[MATERIAL PROVIDED Boundary: Start]

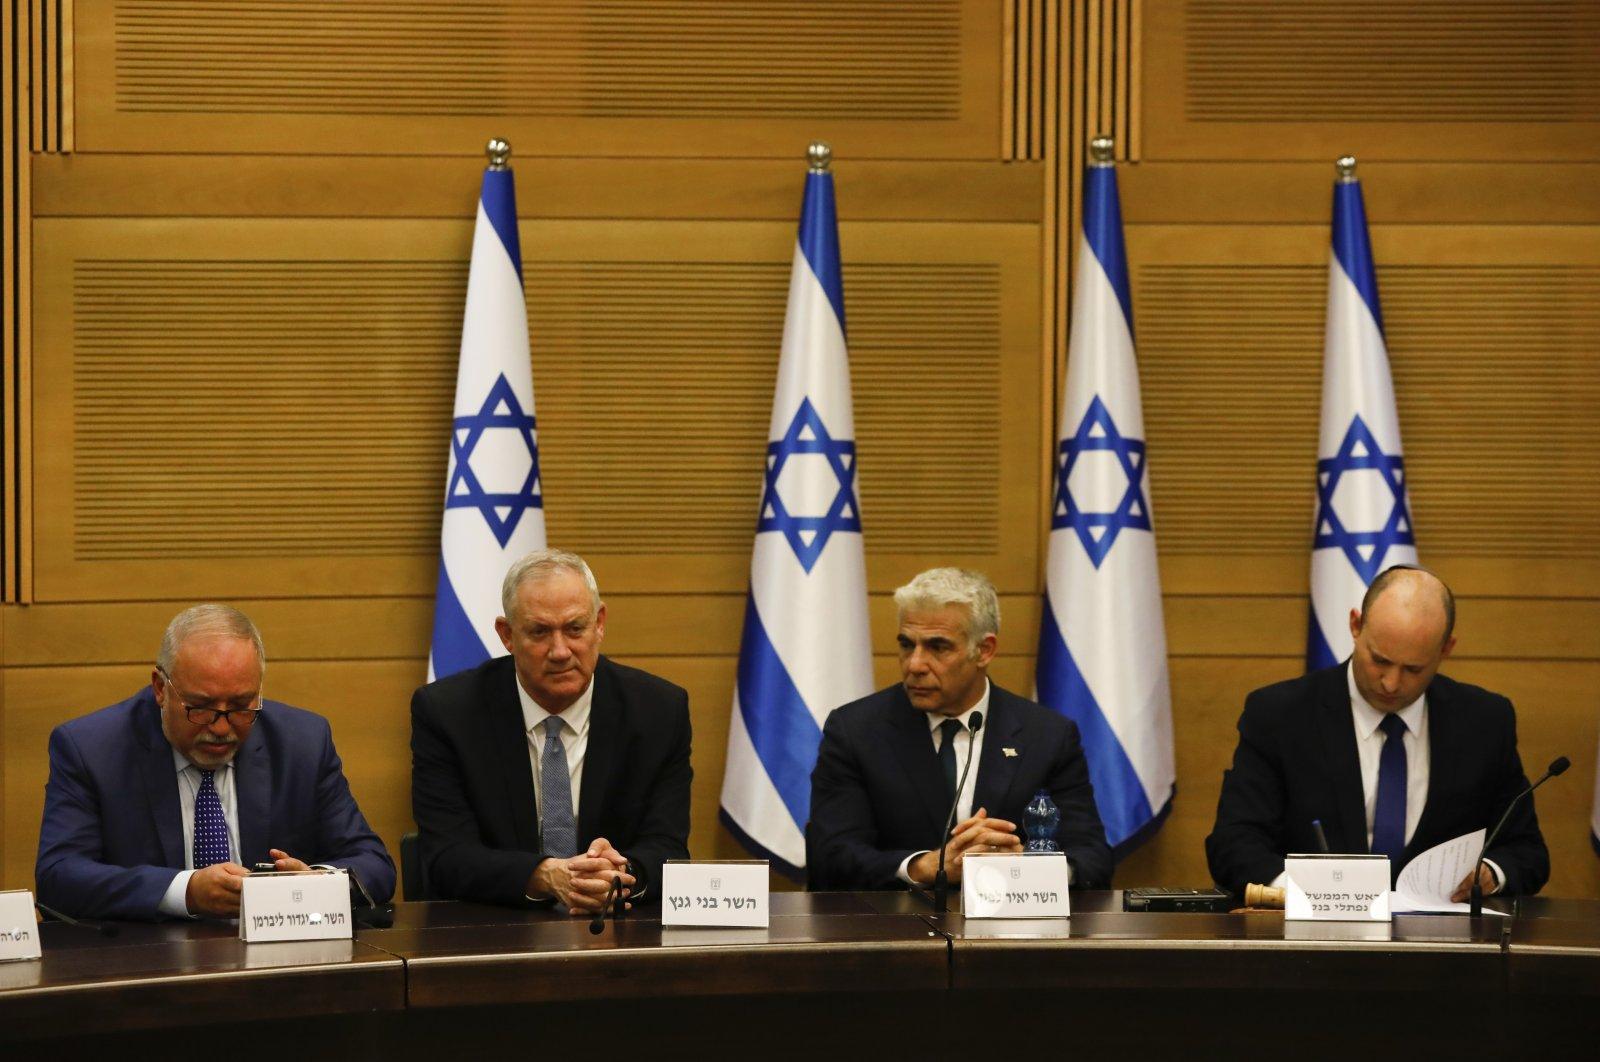 From left to right,  Avigdor Lieberman, Benny Gantz, Yair Lapid and Israeli Prime Minister Naftali Bennett hold a cabinet meeting. (AP Photo File Photo)
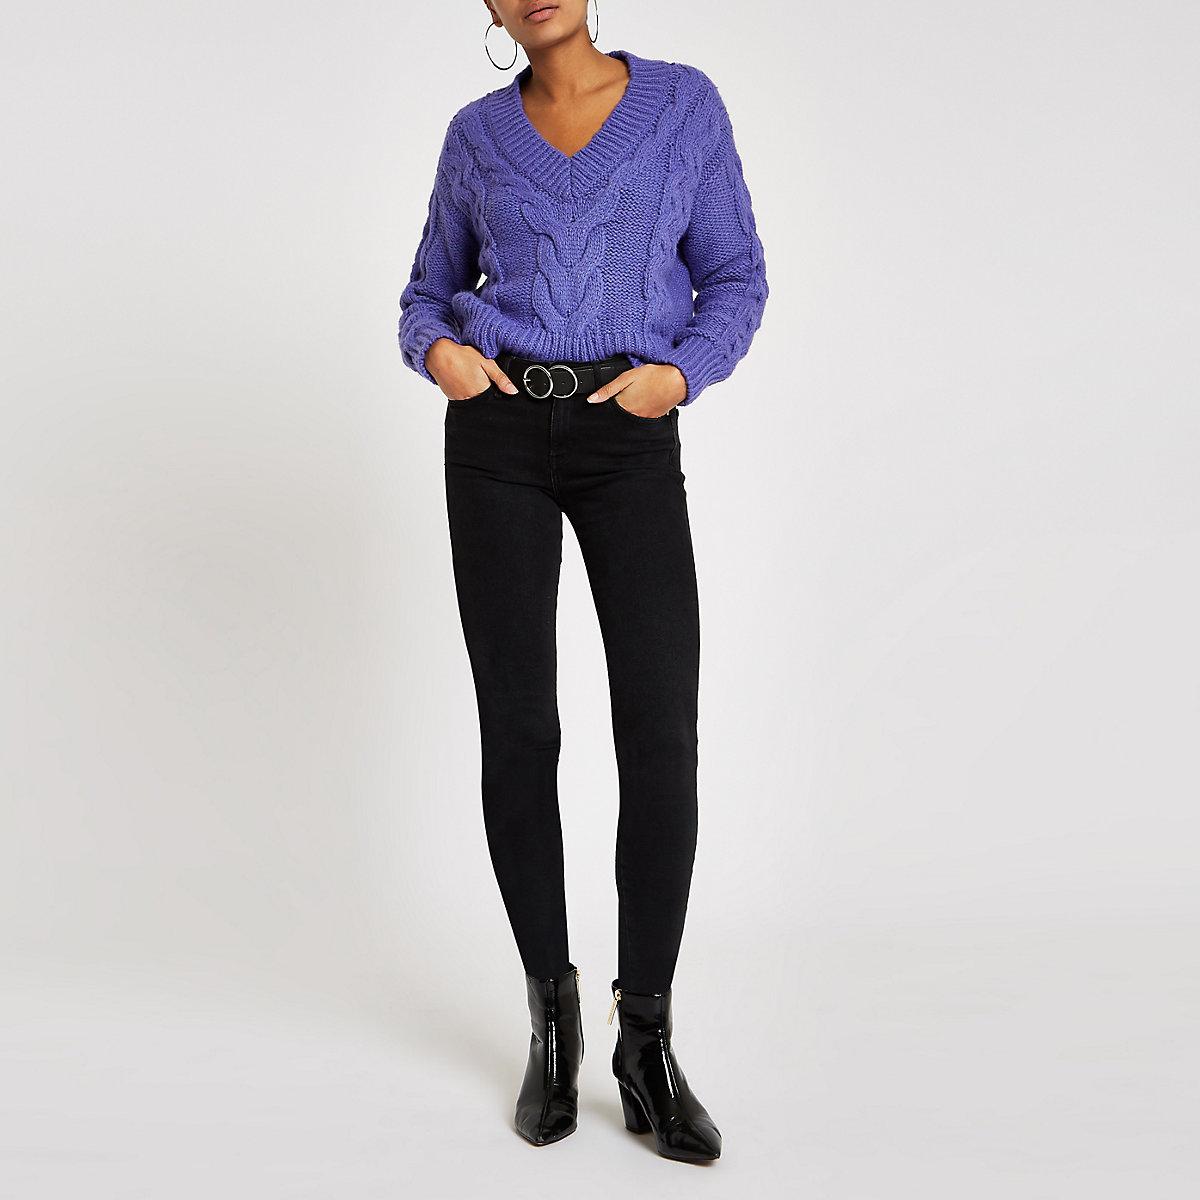 Purple cable knit V neck jumper
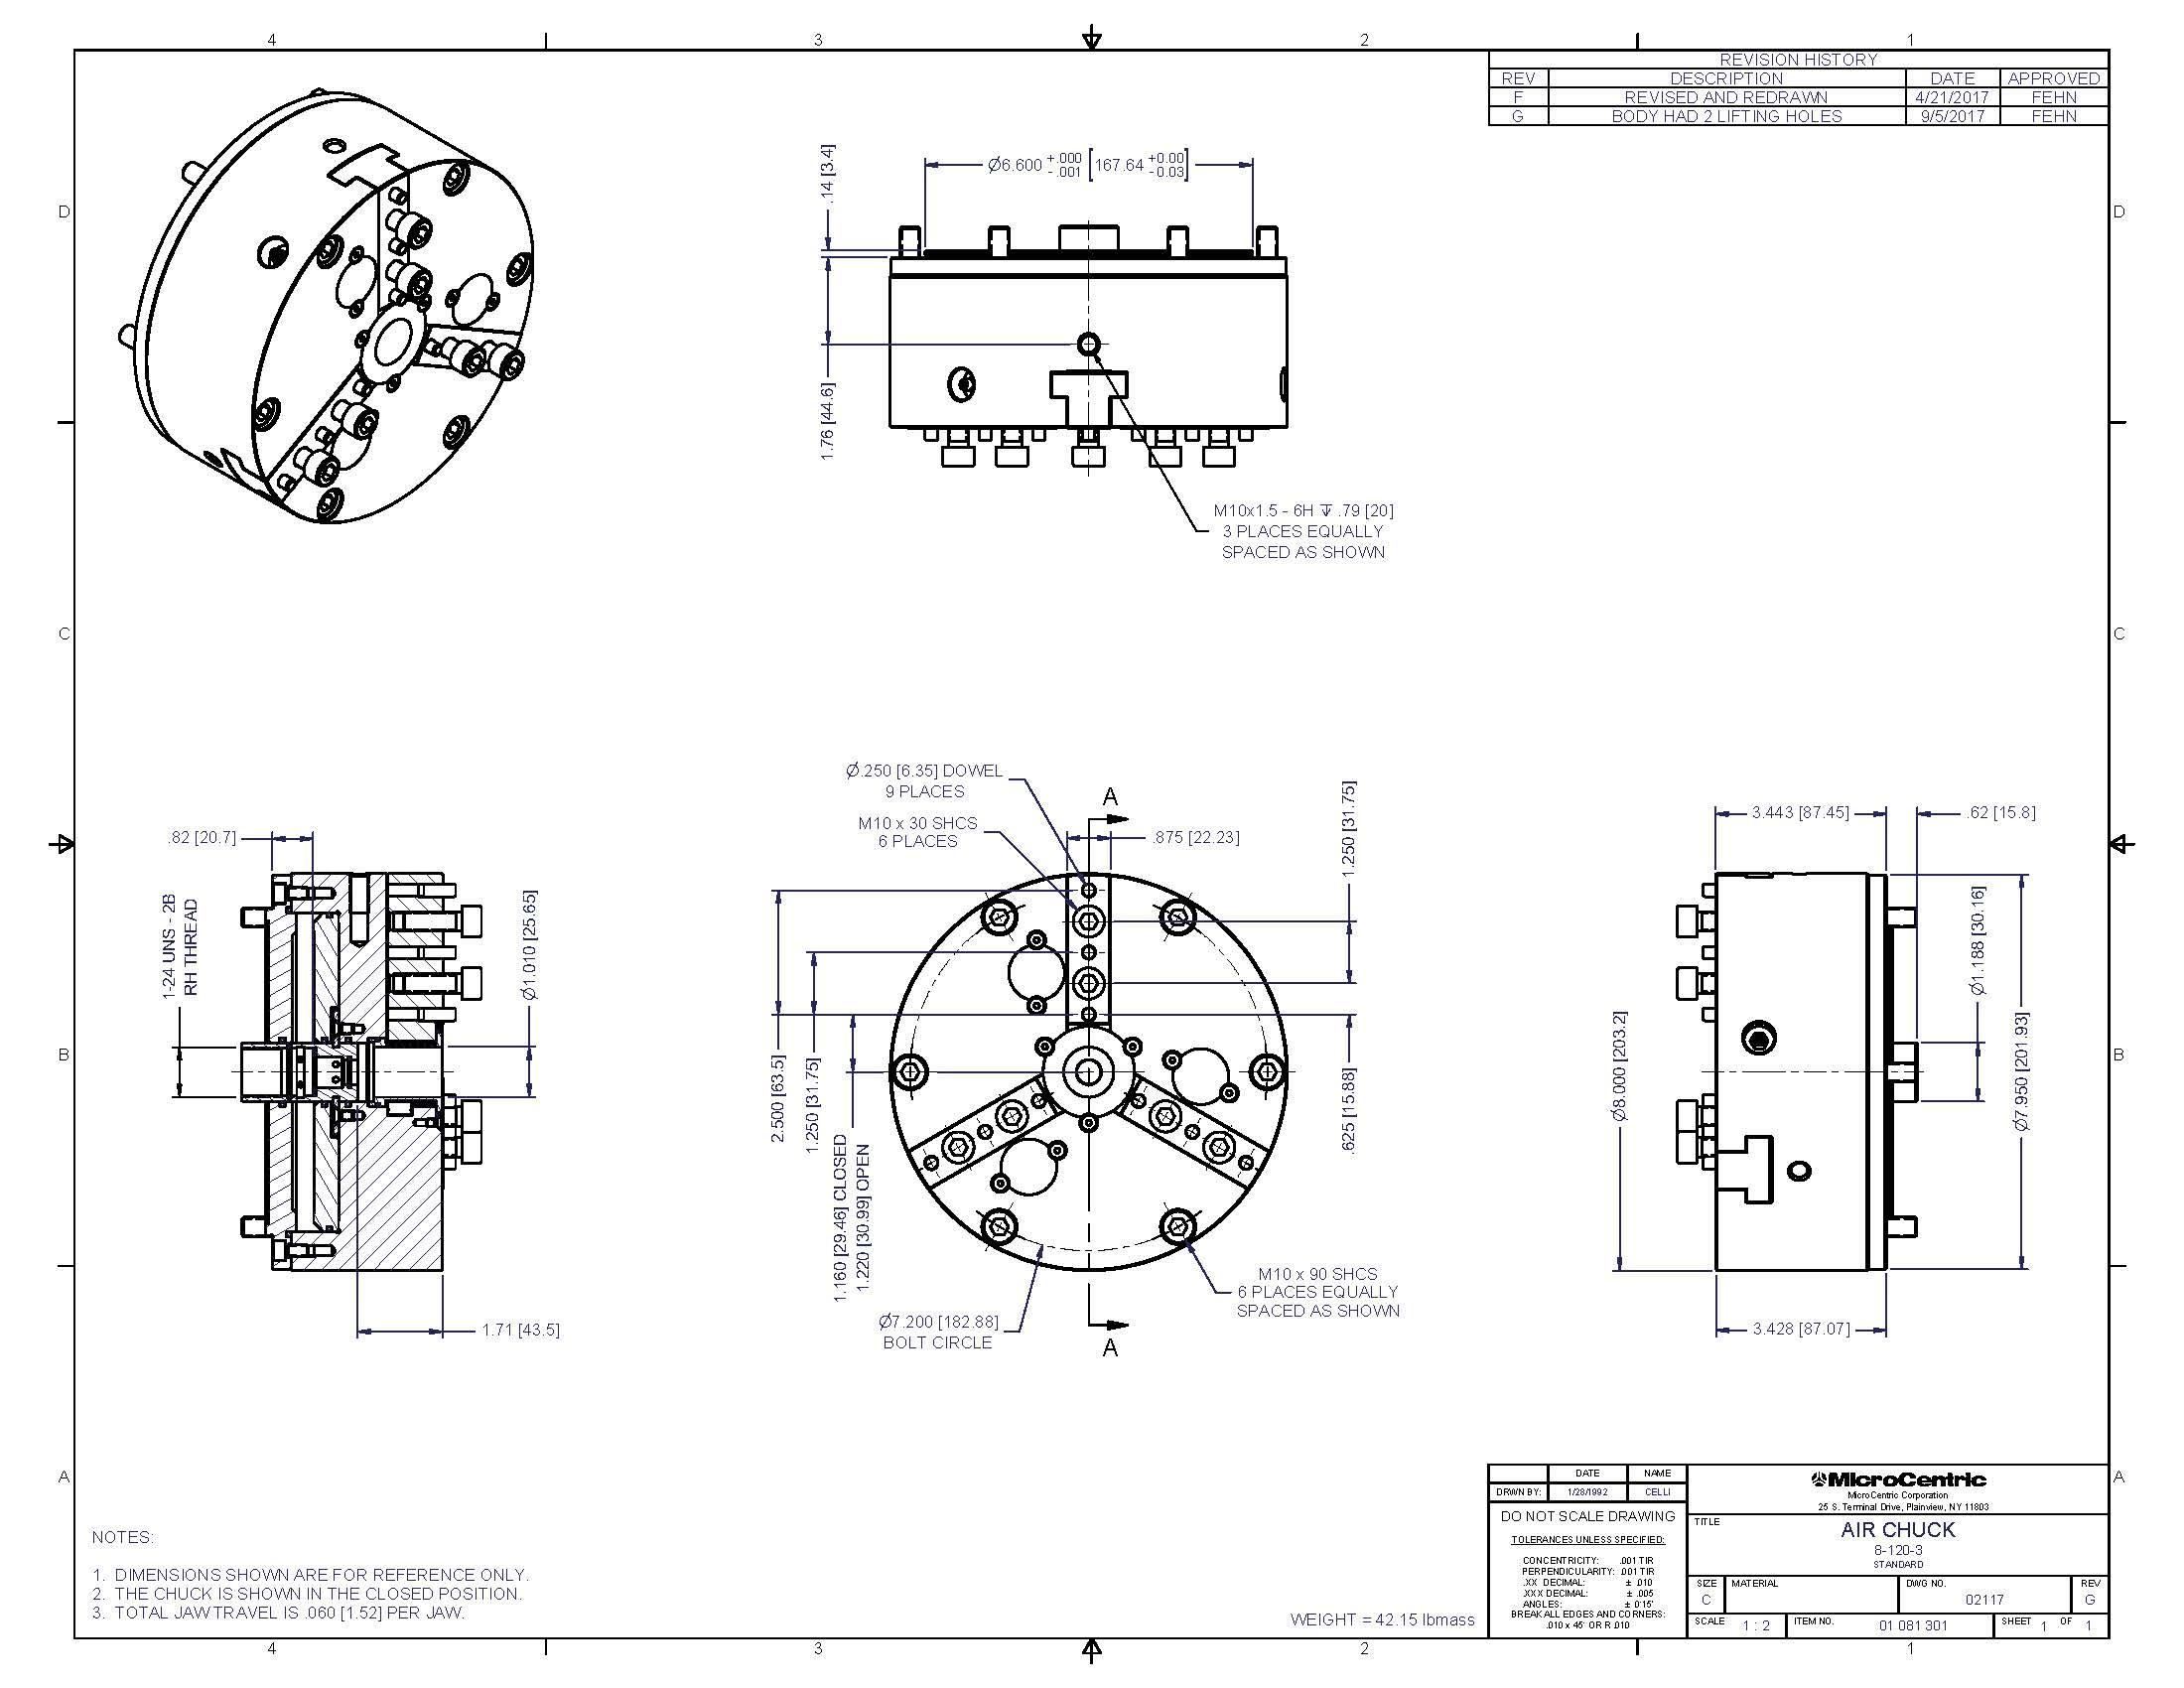 Model 8-120-3, Rotating Air Chucks On MicroCentric Corp.

[MATERIAL PROVIDED Boundary: End]

* EXERCISE REQUIREMENTS
Omit the pictures, then quote the rest of the material above exactly.

* FINISHED EXERCISE
 From left to right,  Avigdor Lieberman, Benny Gantz, Yair Lapid and Israeli Prime Minister Naftali Bennett hold a cabinet meeting. (AP Photo File Photo)
 Purple cable knit V neck jumper
 Model 8-120-3, Rotating Air Chucks On MicroCentric Corp.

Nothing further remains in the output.